*AIM OF THE EXERCISE*.
Return the data word for word. Pictures are to be omitted.

*DATASET SECTION*.
+--

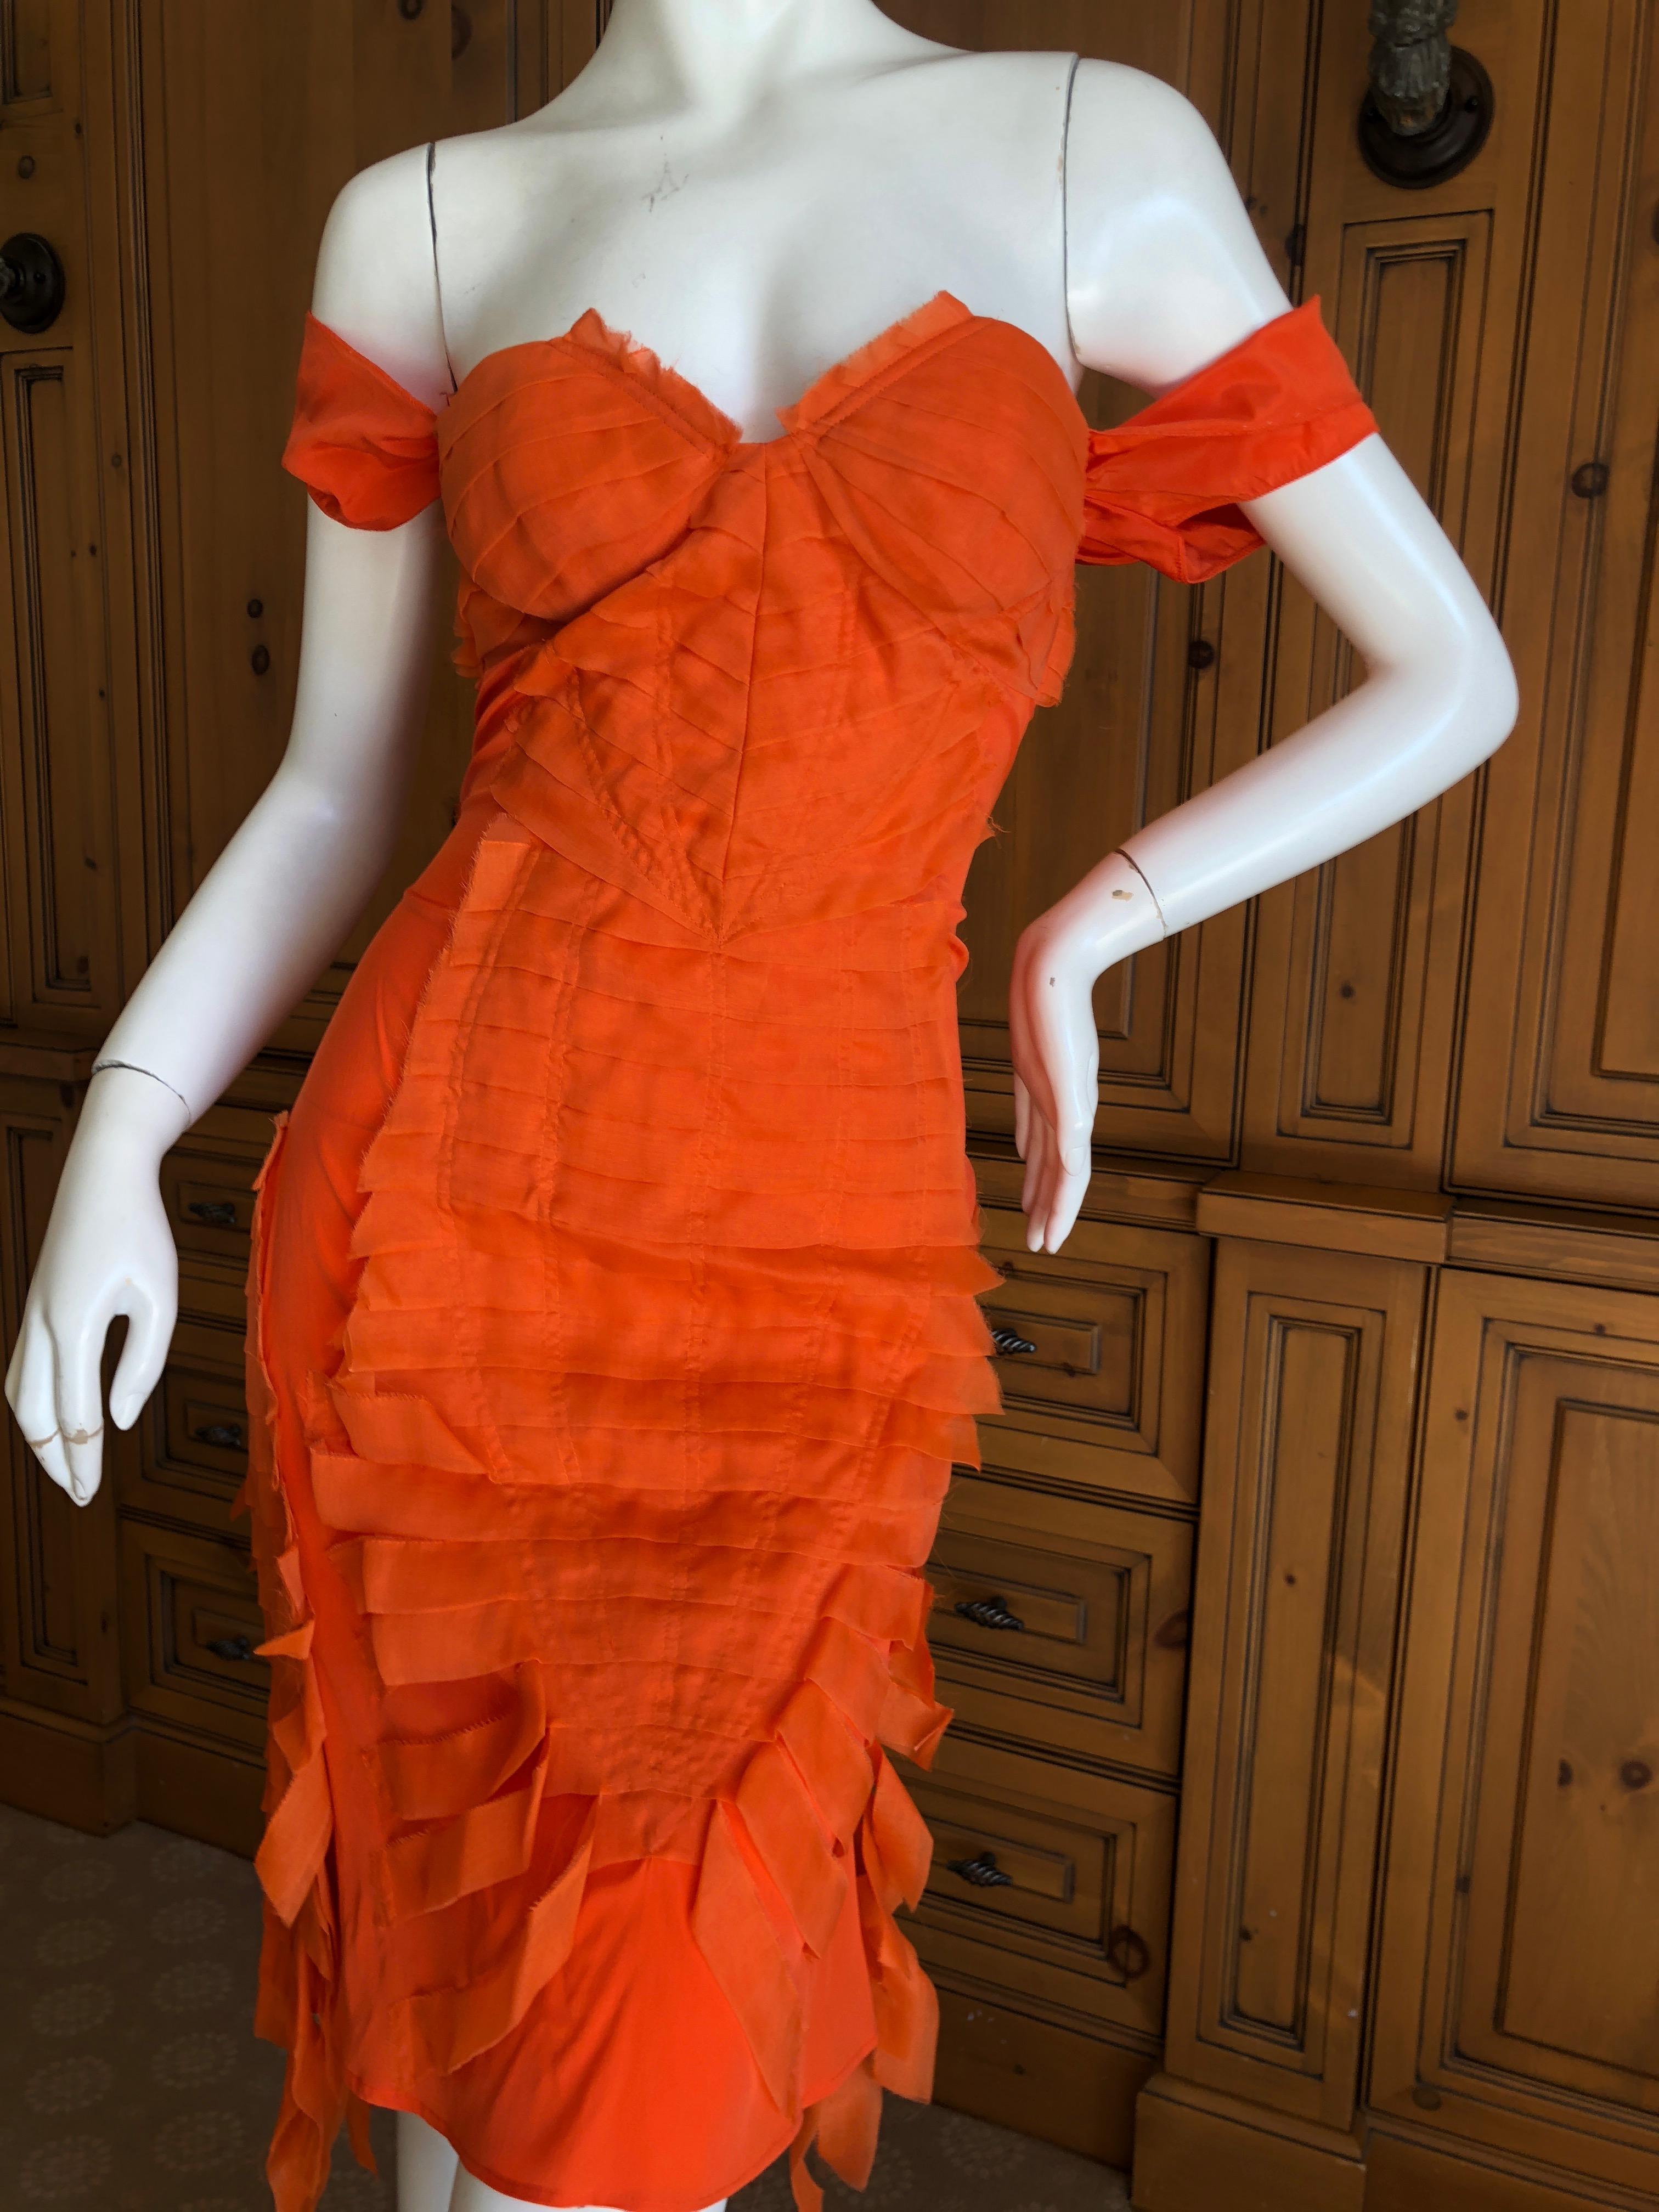 Gucci by Tom Ford 2004 Orange Ribbon Dress Tom Ford Book Piece New Tags For Sale 1
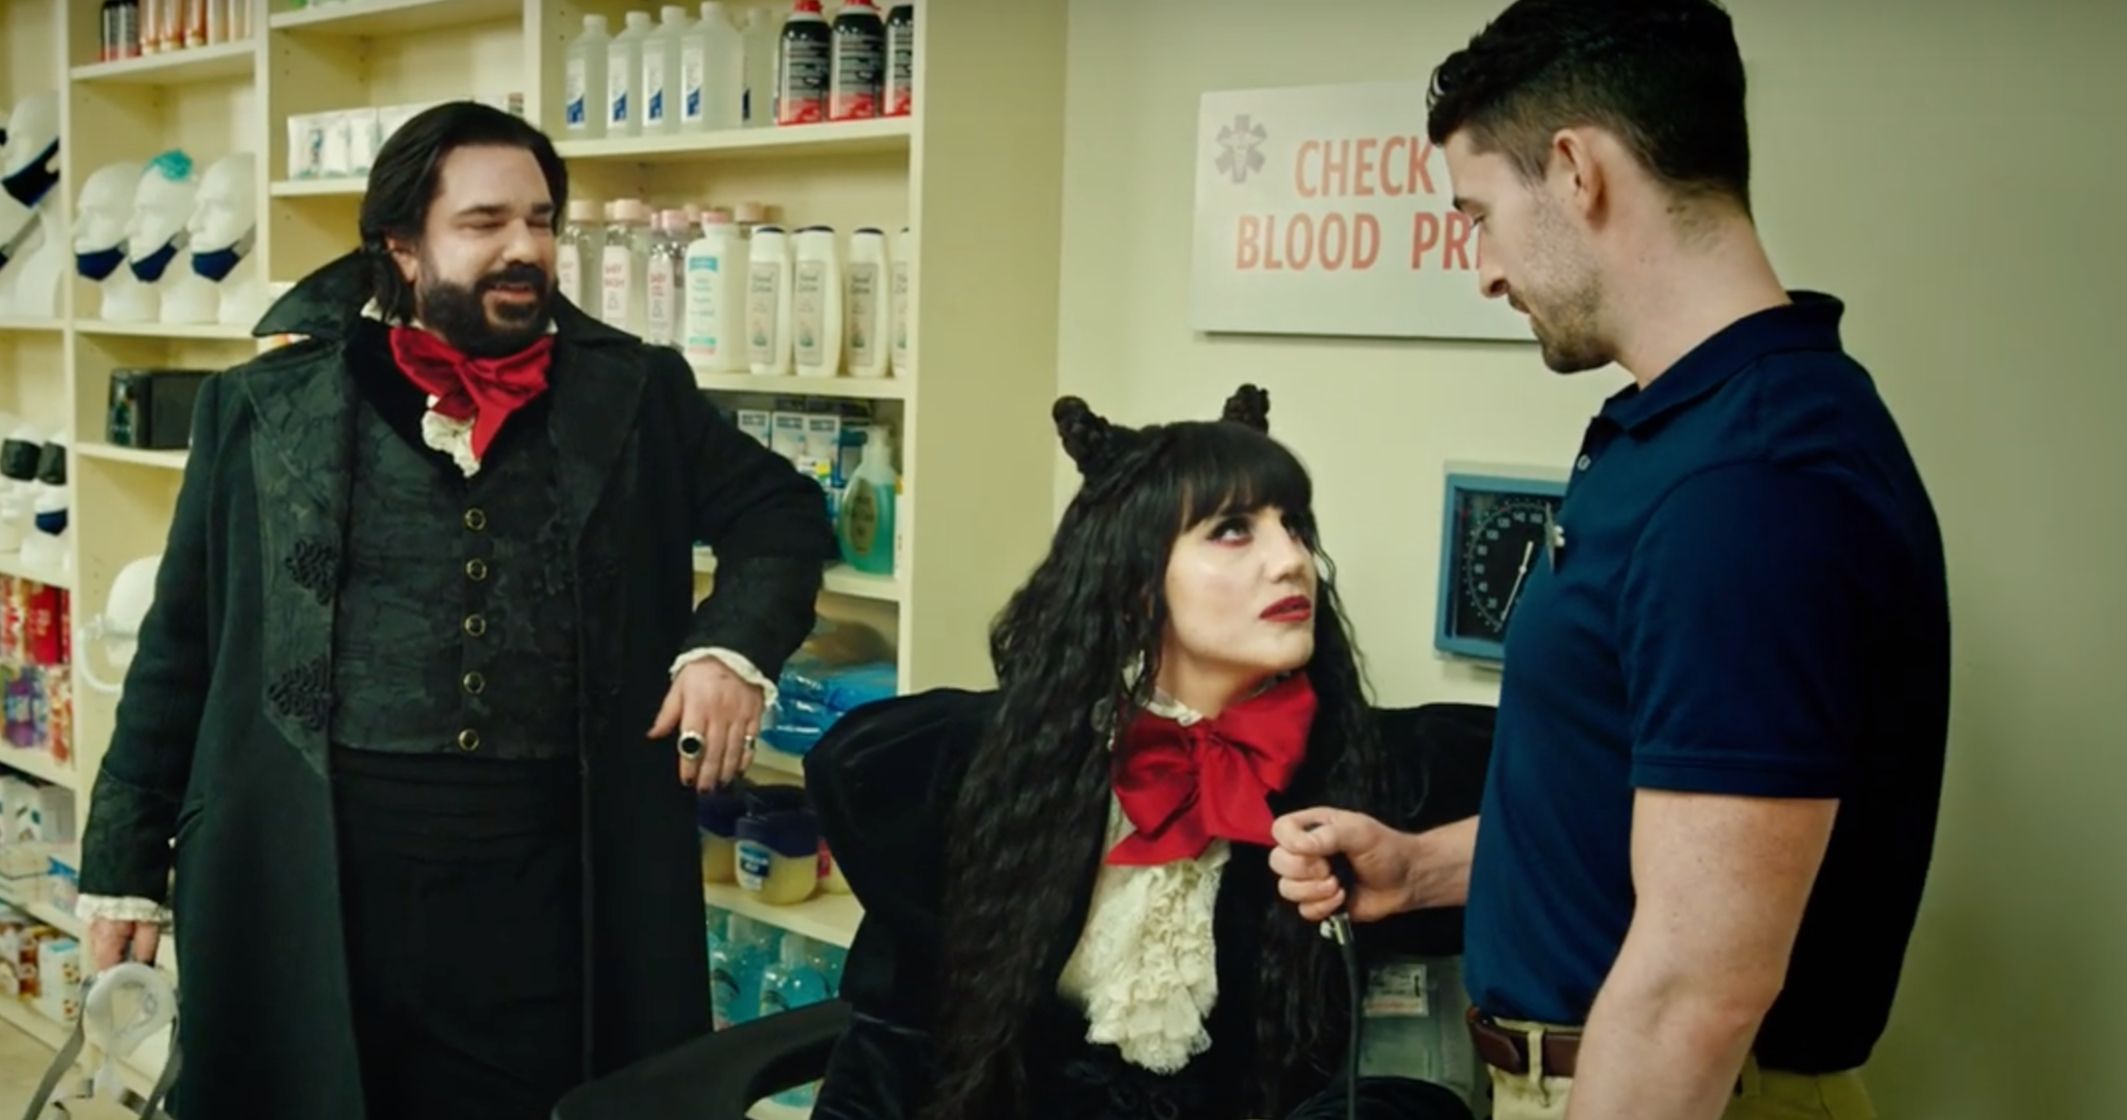 What We Do in the Shadows Season 2 Teasers Head to the Pharmacy for Sunscreen
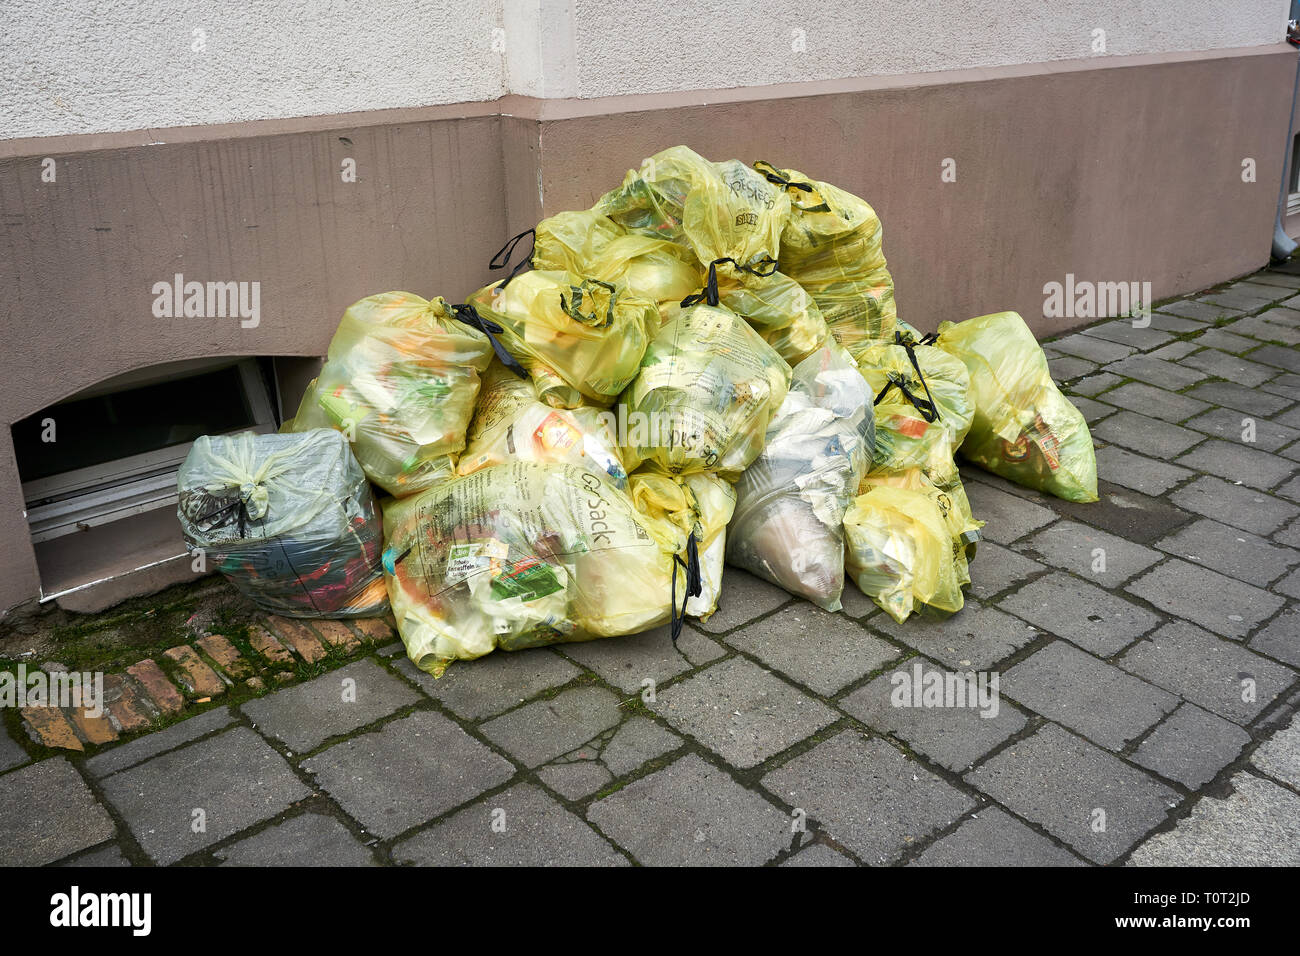 https://c8.alamy.com/comp/T0T2JD/yellow-garbage-bag-with-garbage-in-germany-T0T2JD.jpg

+--

*REPLY*.
 Gucci by Tom Ford 2004 Orange Ribbon Dress Tom Ford Book Piece New Tags For Sale 1
 What We Do in the Shadows Season 2 Teasers Head to the Pharmacy for Sunscreen
 https://c8.alamy.com/comp/T0T2JD/yellow-garbage-bag-with-garbage-in-germany-T0T2JD.jpg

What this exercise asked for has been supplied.